The Greater Toronto Airports Authority’s battle in a high-profile bad-faith dismissal case remains ongoing as the non-profit corporation applies for a judicial review of an arbitrator’s decision awarding an employee $500,000 in damages.
The size of the award by arbitrator Owen Shime has sent shockwaves through the labour relations community, but it was his finding that collective agreements offer employees a “psychological benefit” and “mental security” that worries Dave McKechnie, a partner and employment lawyer at McMillan LLP.
The award included $50,000 in damages for mental distress and a further $50,000 in punitive damages for the way the GTAA treated an employee it suspected of abusing sick leave.

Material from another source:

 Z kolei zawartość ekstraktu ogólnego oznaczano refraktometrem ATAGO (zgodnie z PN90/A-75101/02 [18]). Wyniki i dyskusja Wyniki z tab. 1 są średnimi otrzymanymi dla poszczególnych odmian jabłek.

The decision, for which the GTAA has applied for judicial review in the Divisional Court, could open the door to a wave of claims for mental distress, according to McKechnie.

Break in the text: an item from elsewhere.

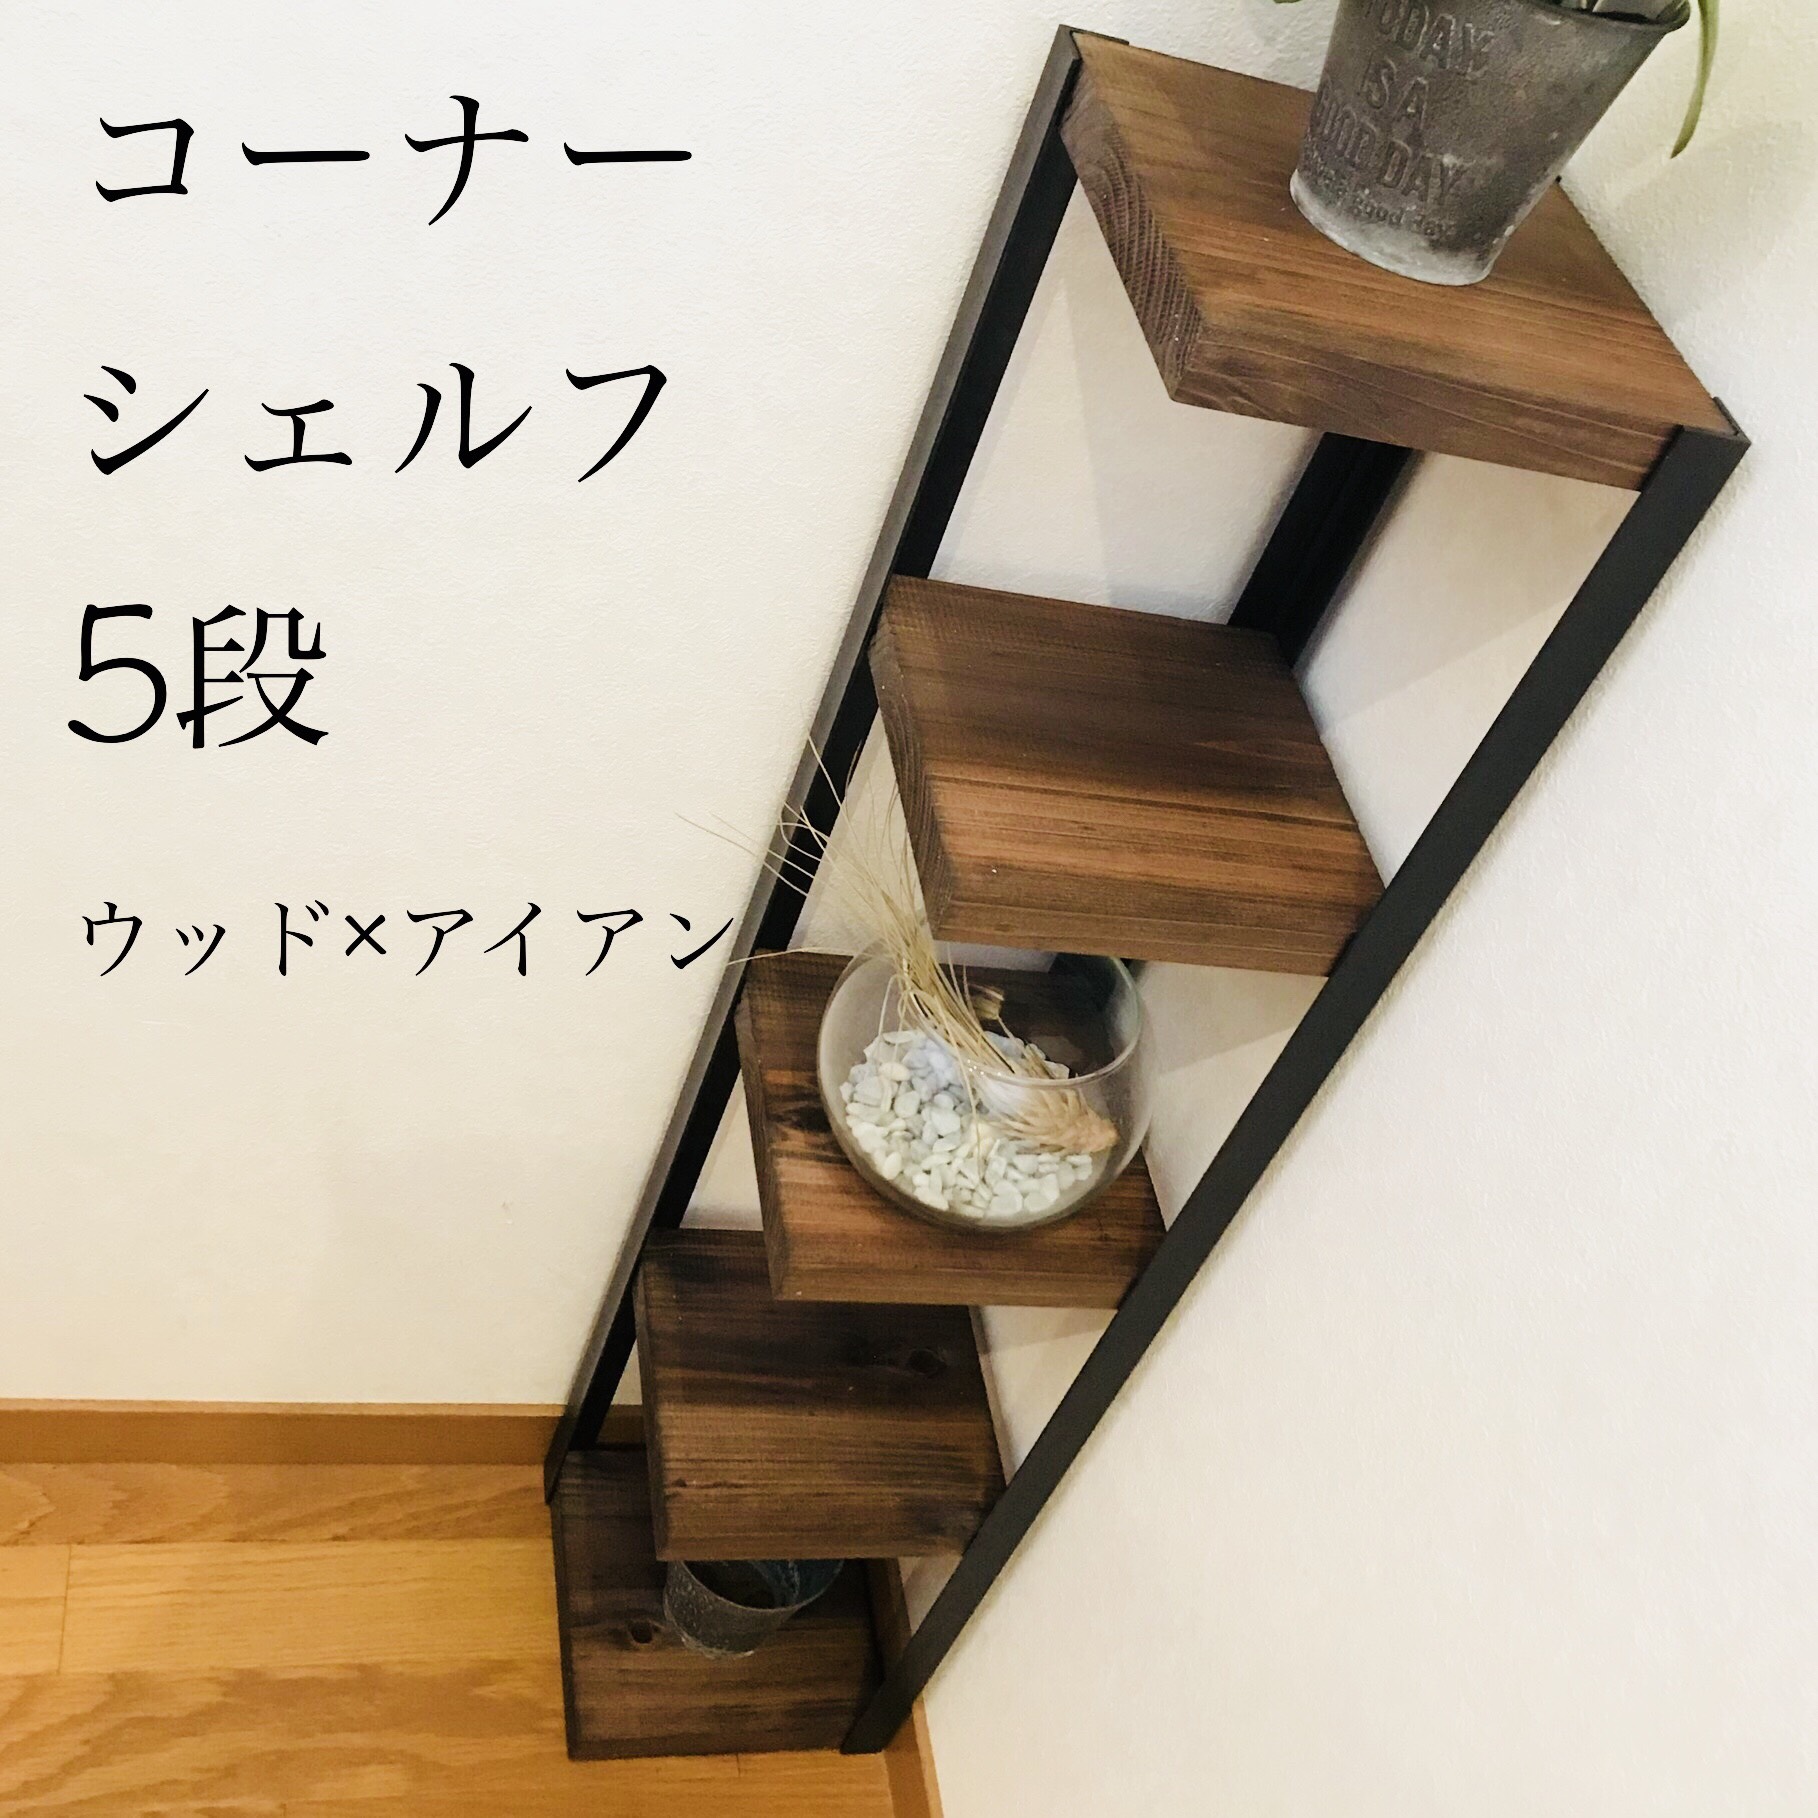 コーナーシェルフ5段【handmade】階段踊り場にお部屋の角に☆ウッド

“What is new and concerning to me is this concept that it should be in the reasonable contemplation of the employer that any time they hire anyone under a collective agreement, they’ve automatically given the individual mental security,” McKechnie says. “It lowers the threshold to get to mental distress.”
He adds: “I expect what we will see are claims being made that the employer stripped away my mental security, which caused me mental suffering, and that entitles me to damages for mental distress.”

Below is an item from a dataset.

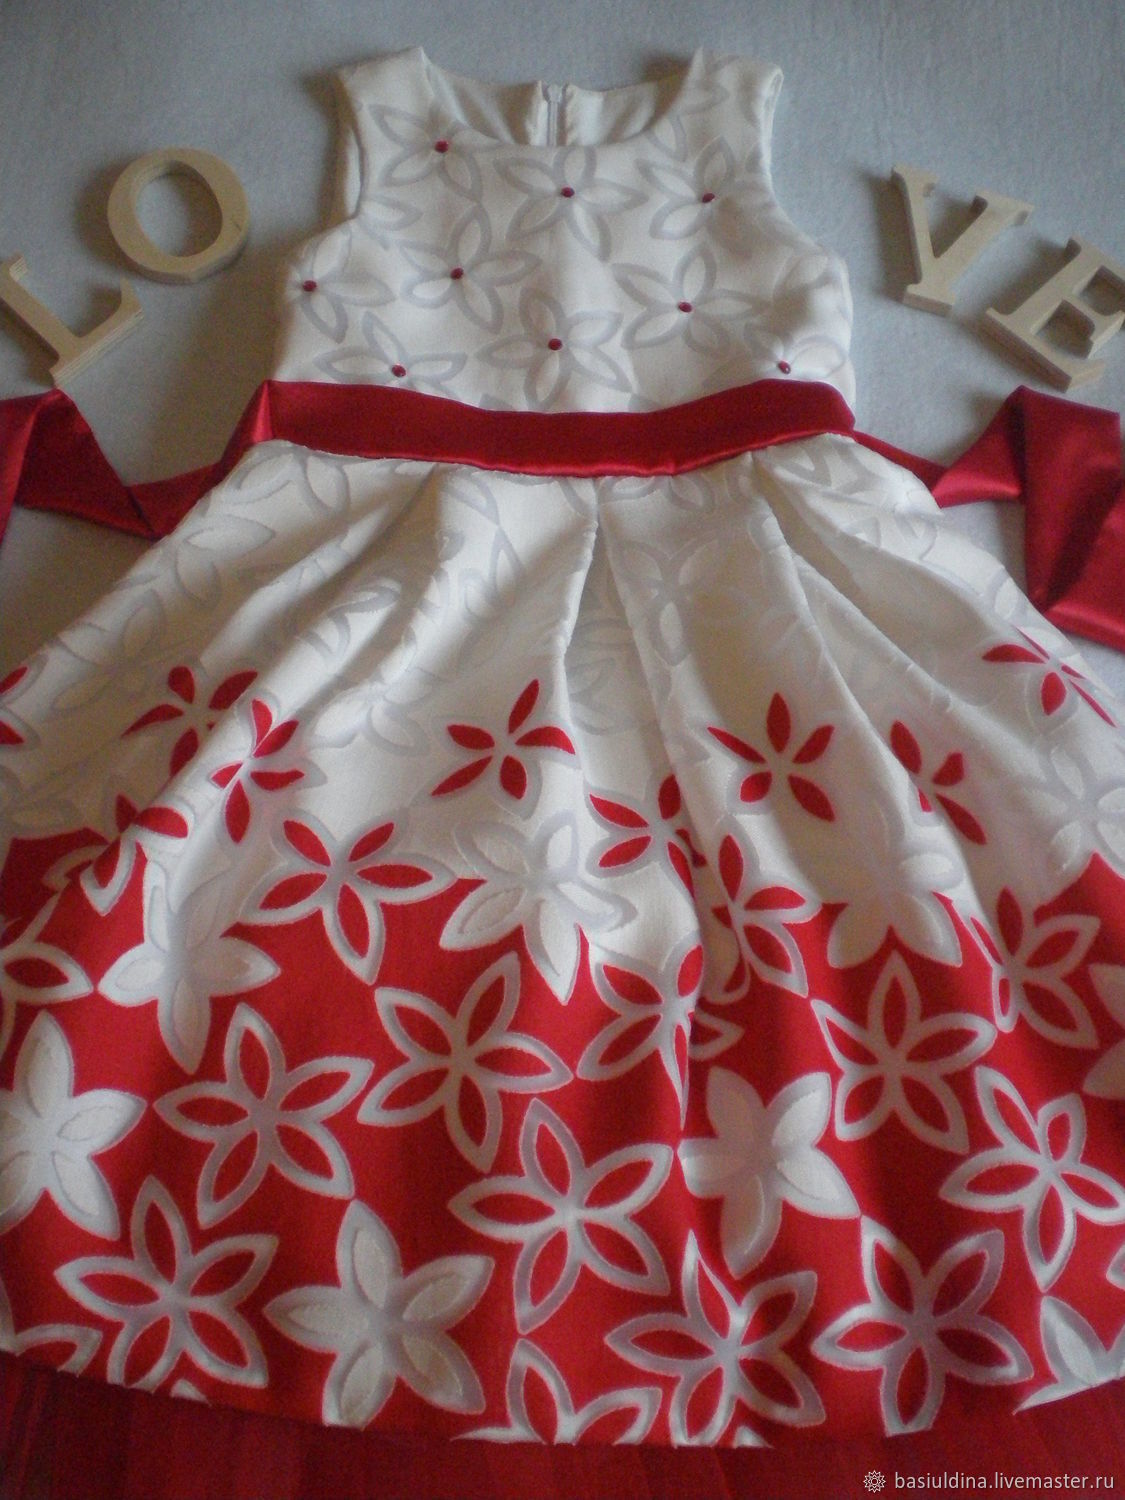 Нарядное платье для девочки "Камилла" на выпускной, день рождение

But Donna Gallant, a partner at Fasken Martineau DuMoulin LLP, sees the mental-security finding as a reinforcement of previous arbitration decisions.
“There’s been recognition by arbitrators generally that loss of employment under a collective agreement is a little different than under the common law,” she says. “There is some value associated with that accrued
seniority and protection they offer.”
Although more claims may result, Gallant points out they can only be successful when a breach of the collective agreement has occurred.
“It could pave the way for more claims for damages for mental distress, but I wouldn’t think arbitrators would be inclined to award them in a case where an employer had proceeded with progressive discipline and had acted in a reasonable fashion.”
Shime found the GTAA had breached the collective agreement because of an implied obligation to administer it in good faith.
“Good faith, in my view, does not cease once the bargaining ends and a collective agreement is signed,” he wrote. “I find that [the GTAA’s] conduct throughout was both unreasonable and in bad faith.”
For Gallant, the truly startling aspect to the decision lies in the facts of the case itself.
“It’s difficult in this day and age to envisage a situation where an employer would terminate a 23-year employee with an unblemished record in circumstances where they were off on a sick leave that was authorized by their surgeon for four weeks,” she says.
In 2003, the employee, 47-year-old C.B., injured her knee at work and was eventually referred for surgery in February 2004. Her surgeon provided a note saying she would need four weeks to recover.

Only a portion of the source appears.